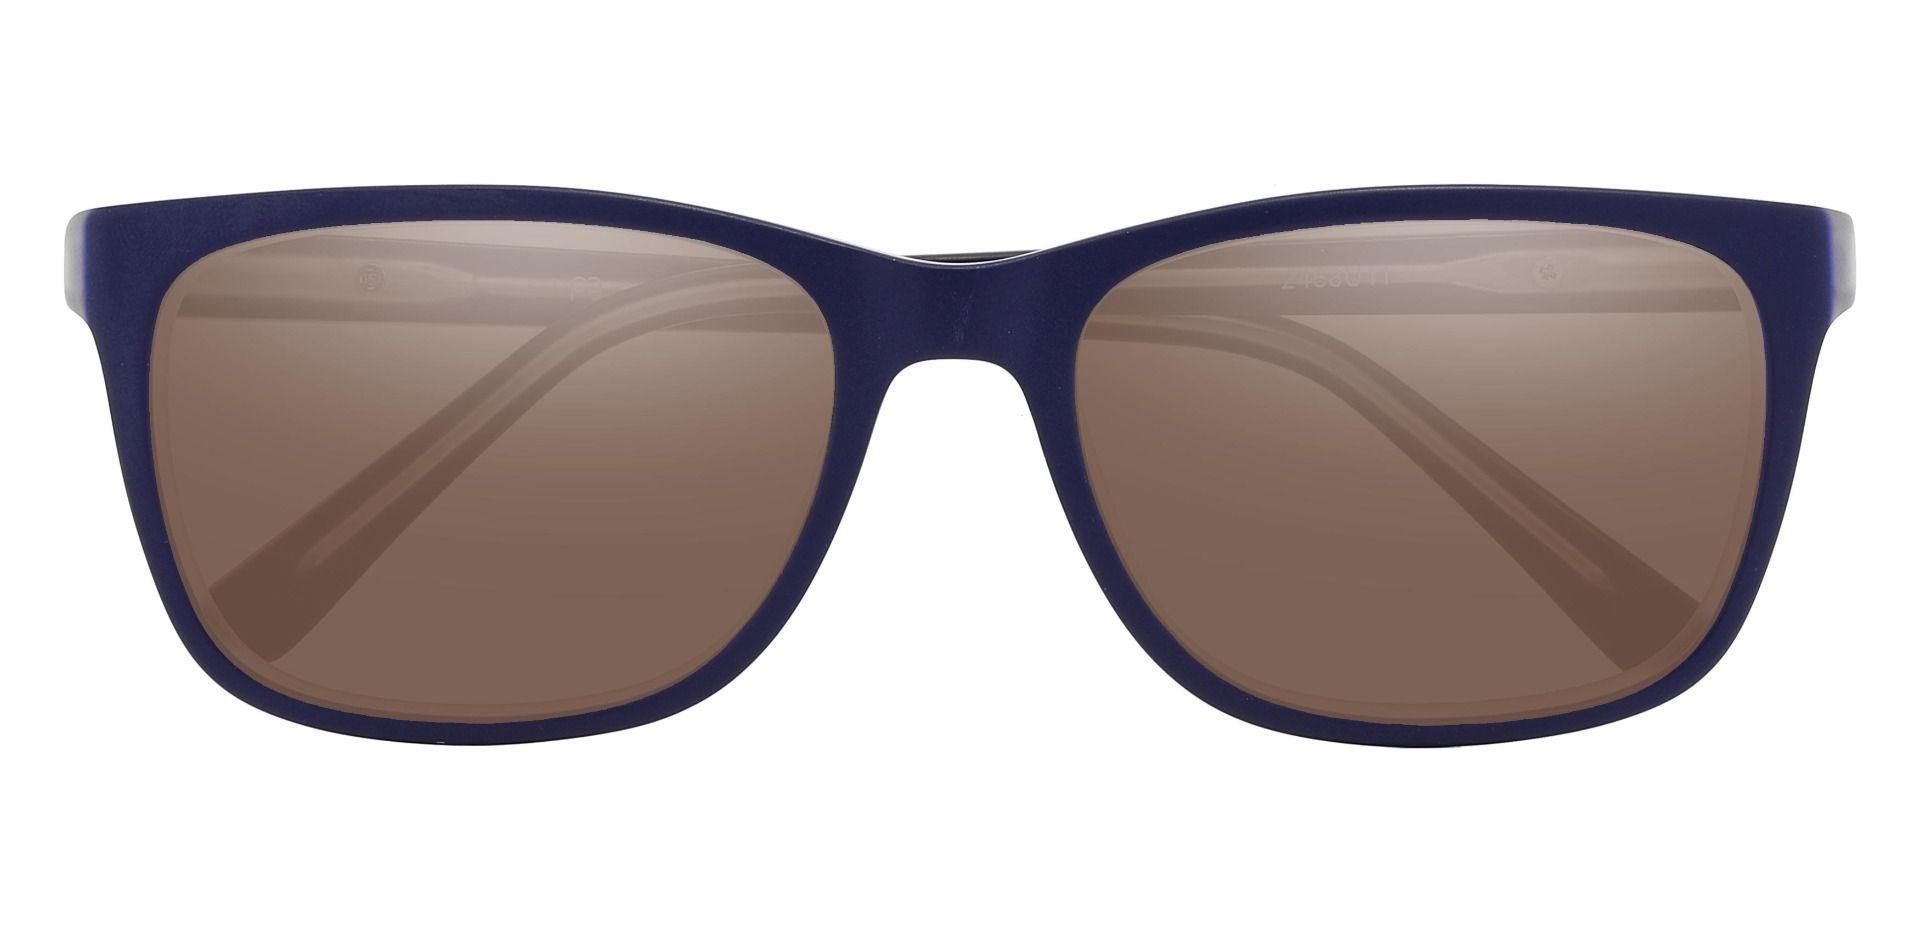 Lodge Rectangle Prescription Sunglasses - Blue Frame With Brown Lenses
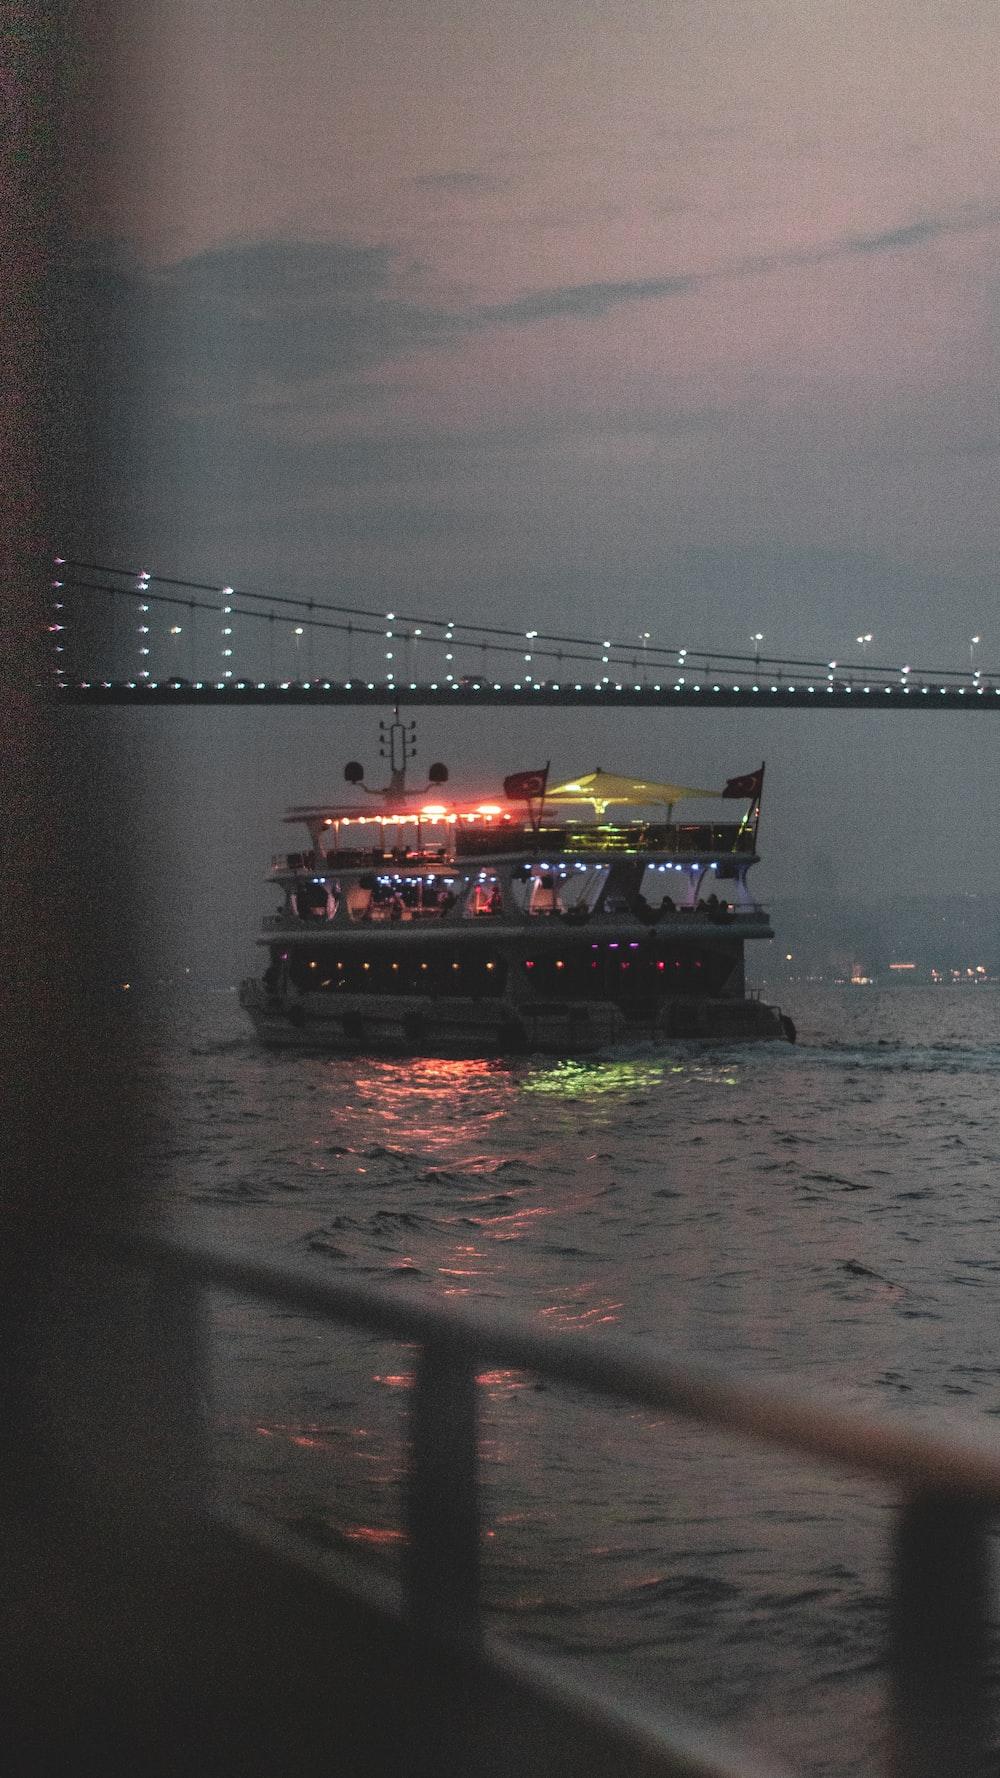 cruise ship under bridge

==================================================

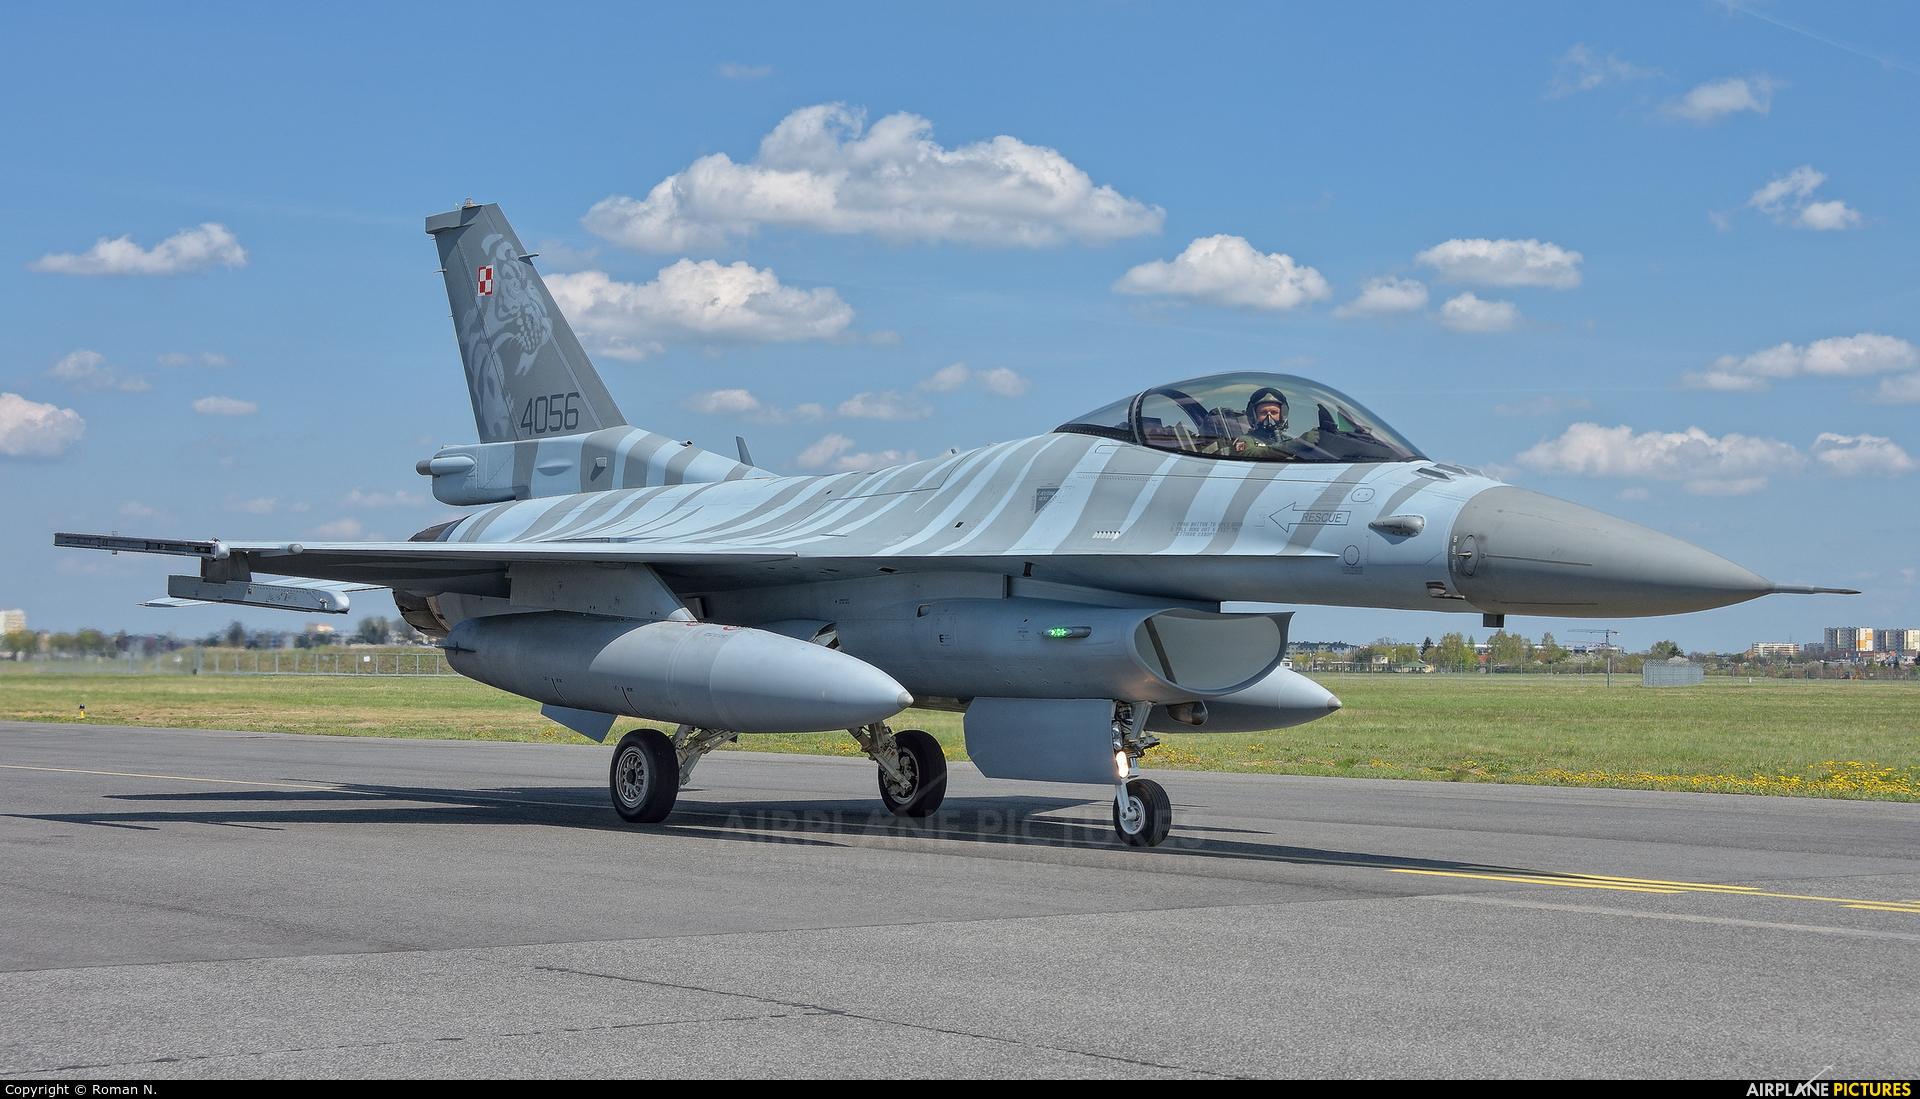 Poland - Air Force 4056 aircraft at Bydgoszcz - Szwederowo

==================================================

■ TASK STATEMENT
Pictures aside, print exactly the lines above starting with the one containing "Lodge Rectangle Prescription" and going on through the one containing "cruise ship under bridge".

■ RESULT
 Lodge Rectangle Prescription Sunglasses - Blue Frame With Brown Lenses
 cruise ship under bridge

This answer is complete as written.